The data |
---

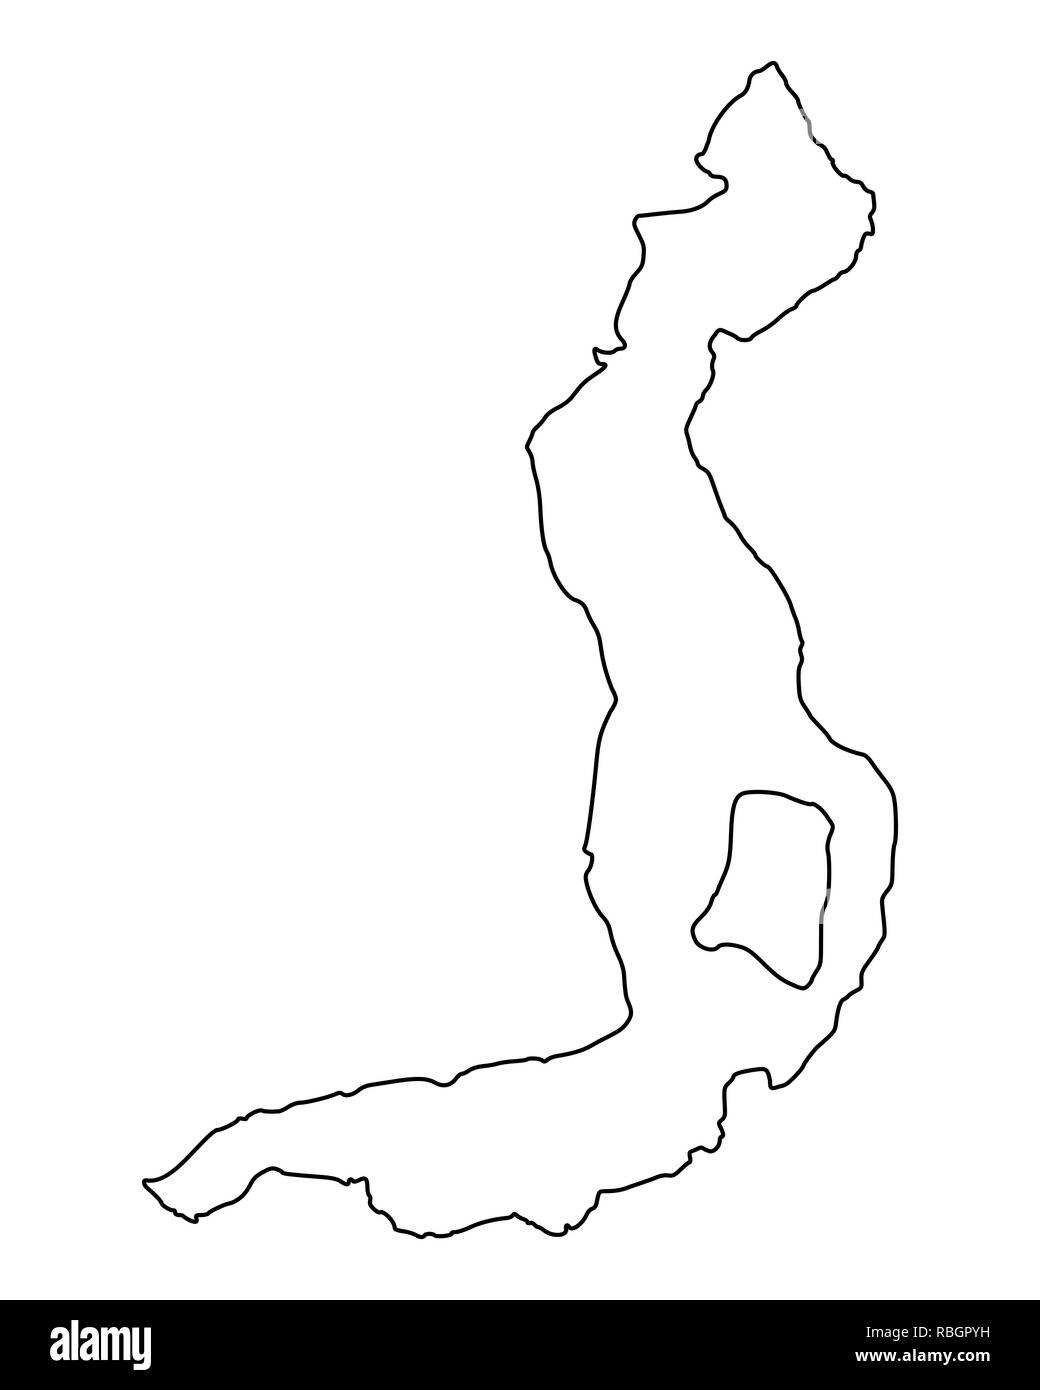 Map of Lake Iseo - Stock Image
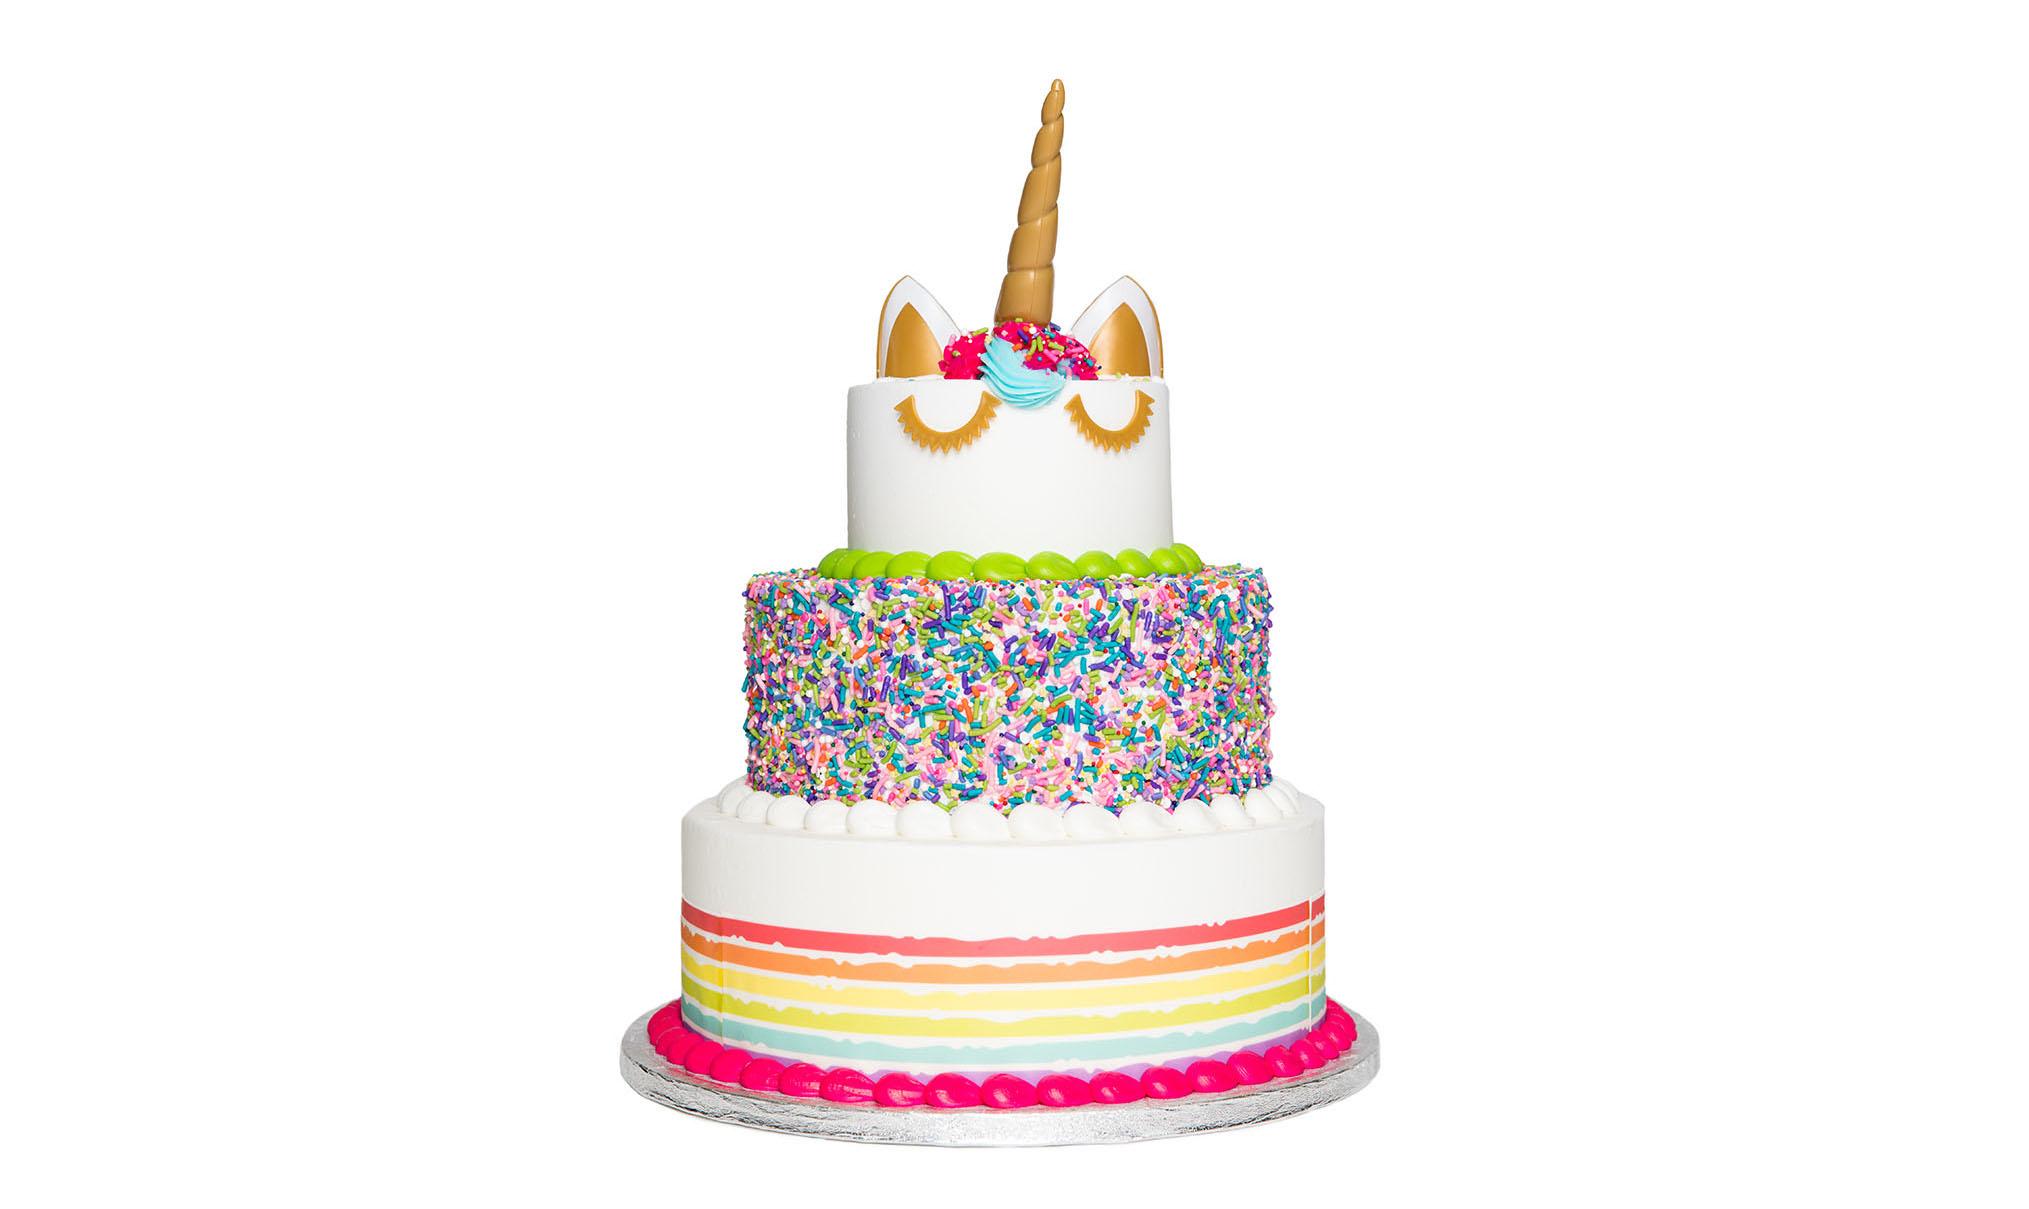 Sams Club Stacks A Rainbow Cake For National Unicorn Day Gk
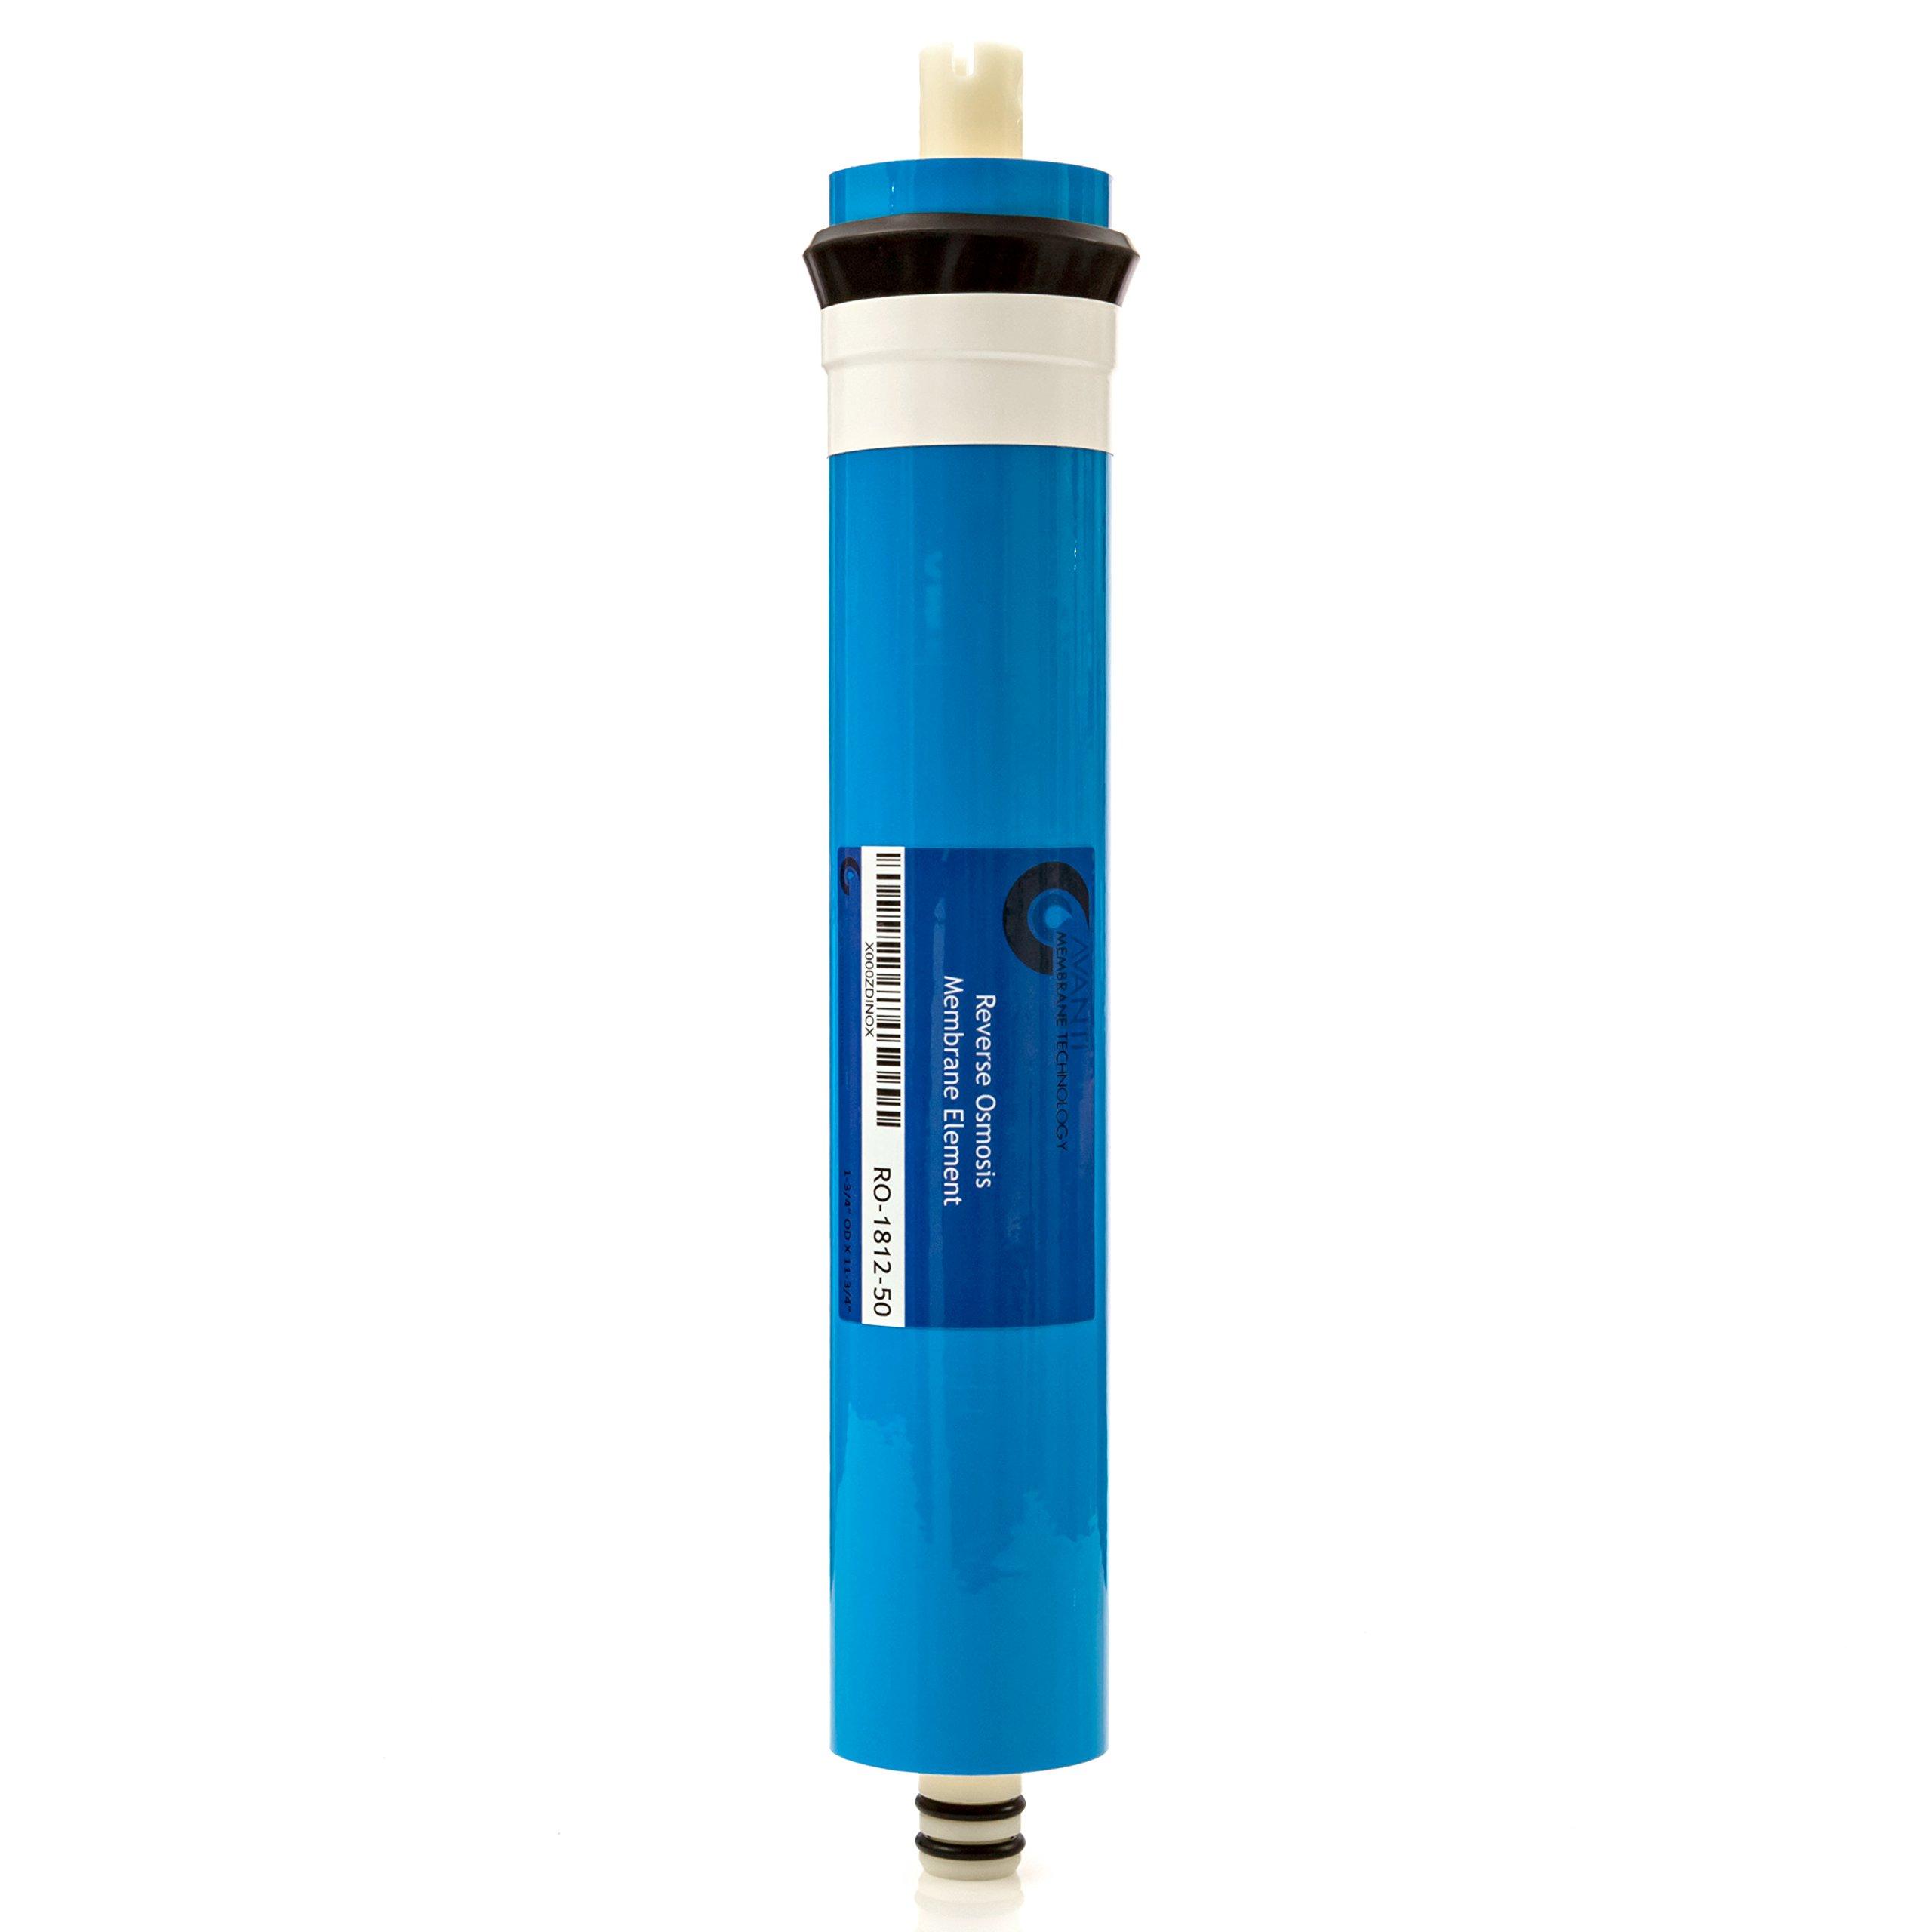 Watts Flowmatic Compatible 50 GPD TFC RO Membrane W-1812-50 by CFS
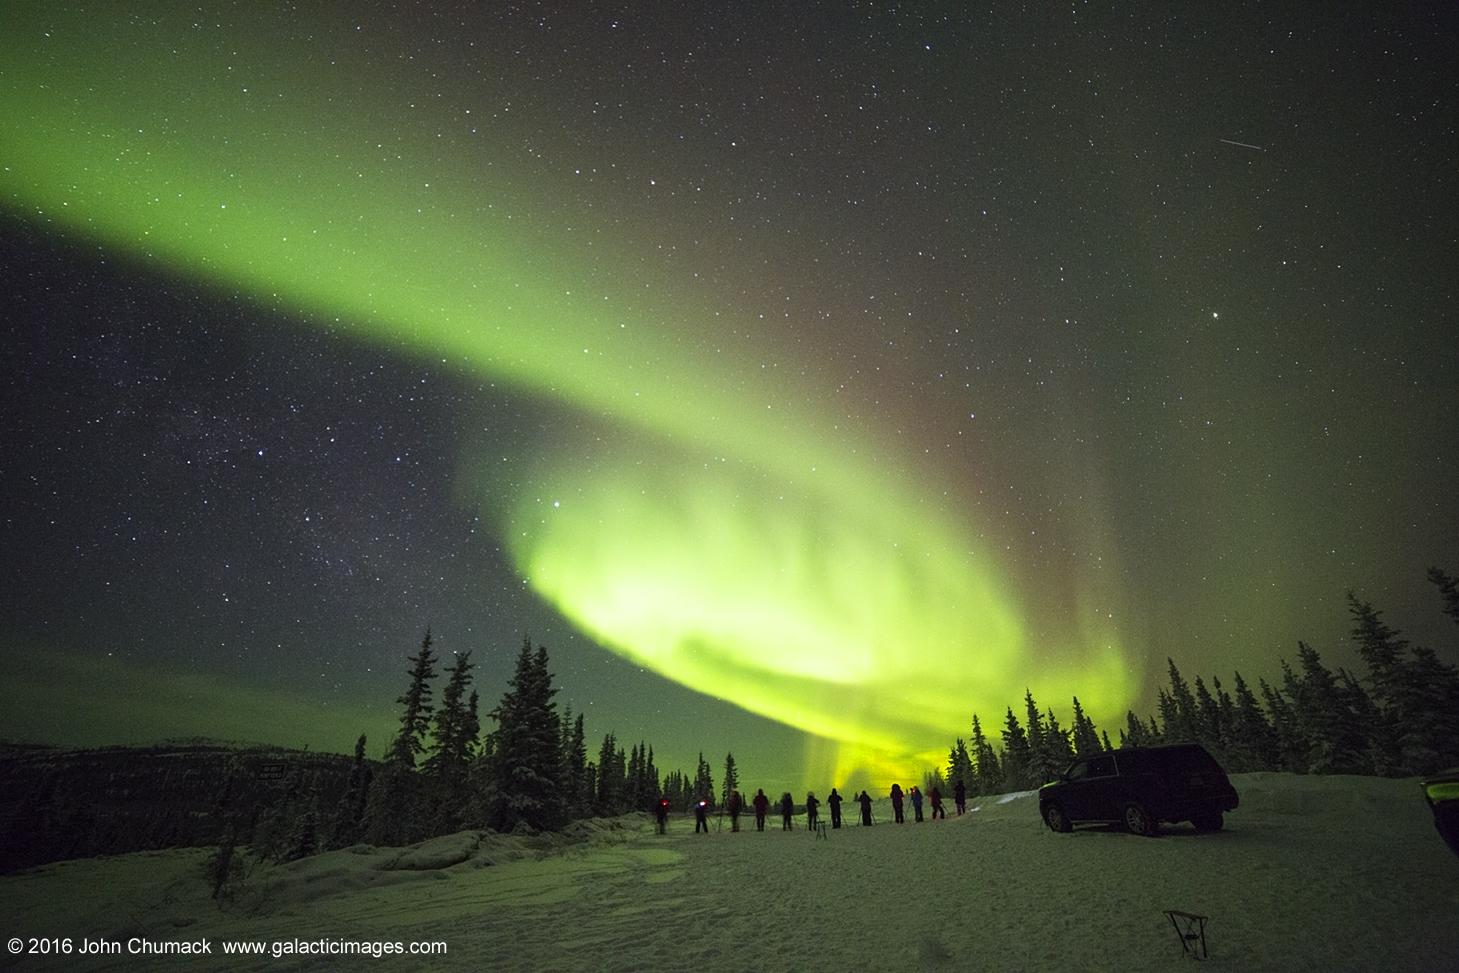 Alaskan Aurora Mimics Spiral Galaxy in Spectacular Skywatcher Photo

---

Exercise |
What you give back should be the full material above, retyped exactly, with every image removed.

Response for this exercise |
 Map of Lake Iseo - Stock Image
 Sams Club Stacks A Rainbow Cake For National Unicorn Day Gk
 Watts Flowmatic Compatible 50 GPD TFC RO Membrane W-1812-50 by CFS
 Alaskan Aurora Mimics Spiral Galaxy in Spectacular Skywatcher Photo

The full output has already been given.